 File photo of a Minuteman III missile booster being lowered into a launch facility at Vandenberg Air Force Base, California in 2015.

---

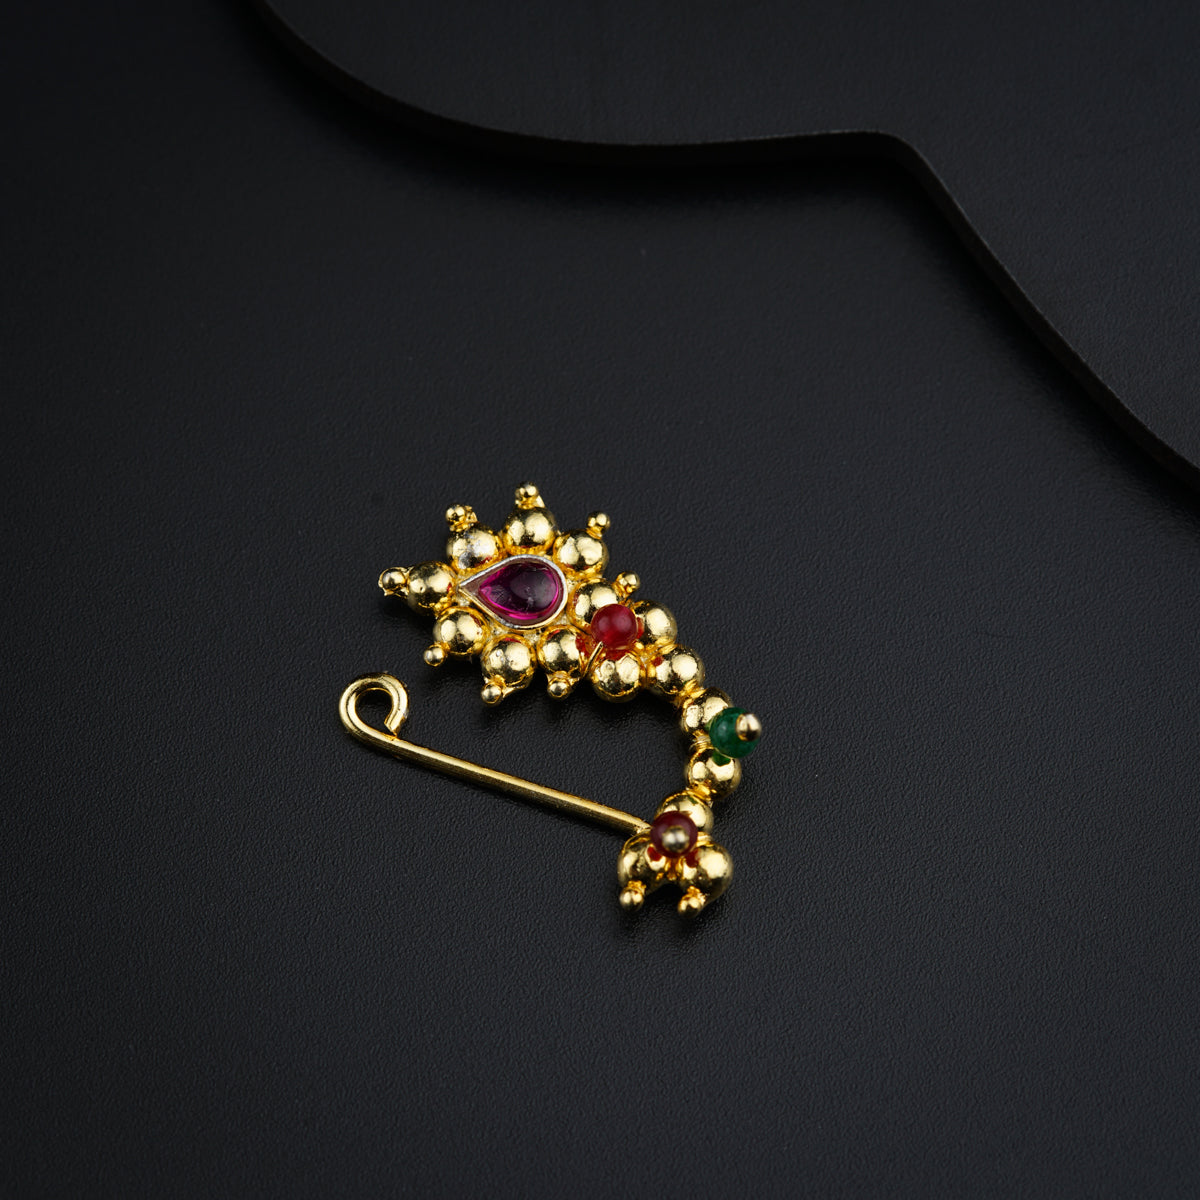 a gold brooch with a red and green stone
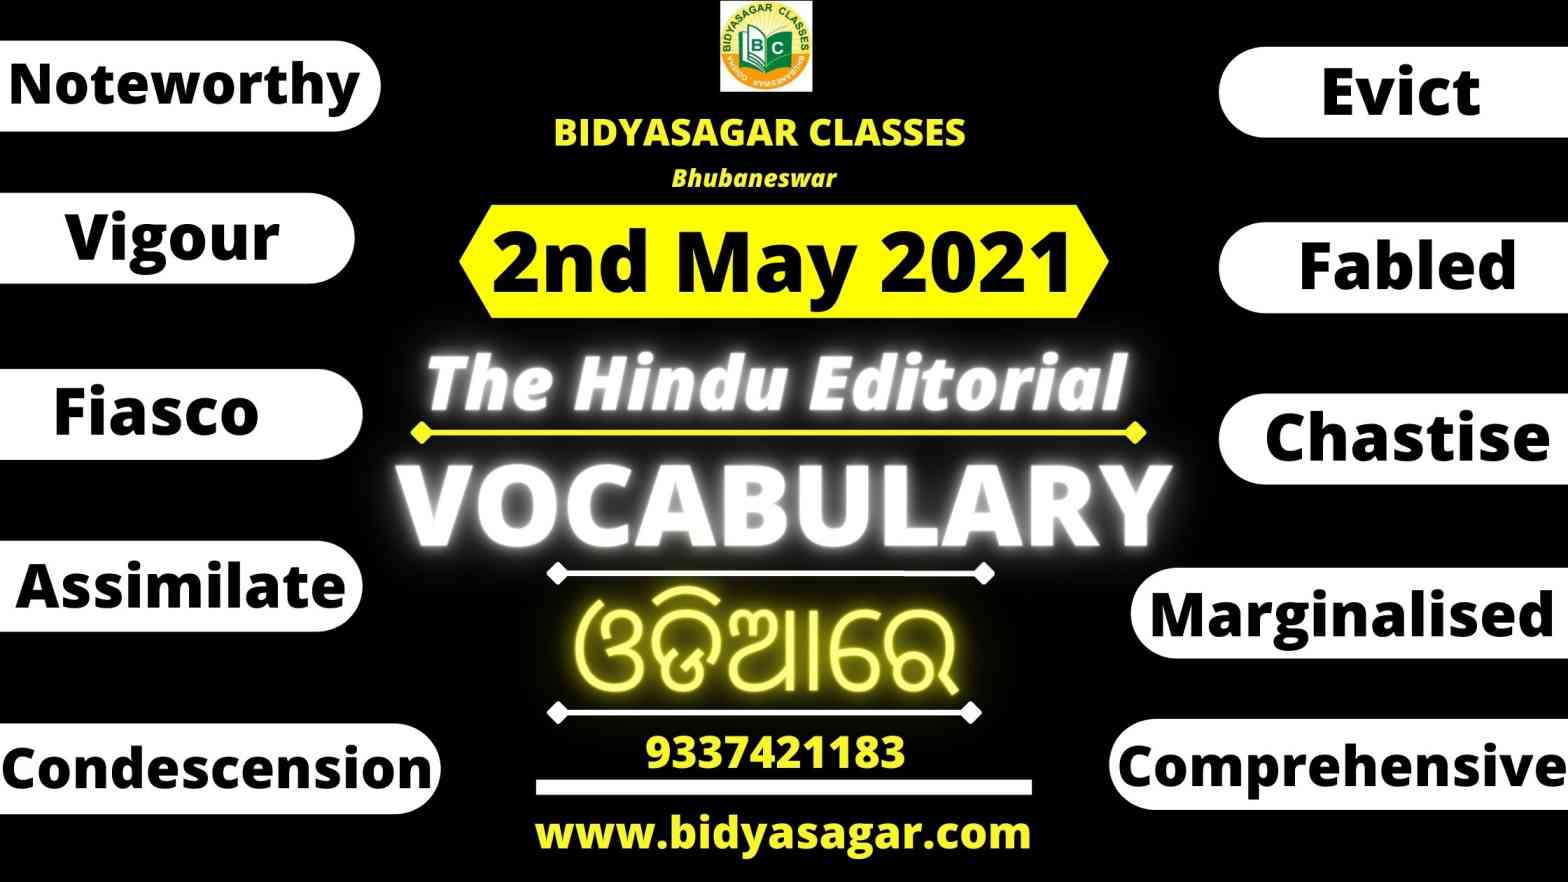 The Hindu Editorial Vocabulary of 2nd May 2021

--

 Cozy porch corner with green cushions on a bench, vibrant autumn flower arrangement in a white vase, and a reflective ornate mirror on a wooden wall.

_What you have to do_. What you return must match, character for character, the lines above from the one with "a gold brooch with a red and green stone" through the one with "The Hindu Editorial", minus any pictures.

_Output of the exercise_.
 a gold brooch with a red and green stone
 The Hindu Editorial Vocabulary of 2nd May 2021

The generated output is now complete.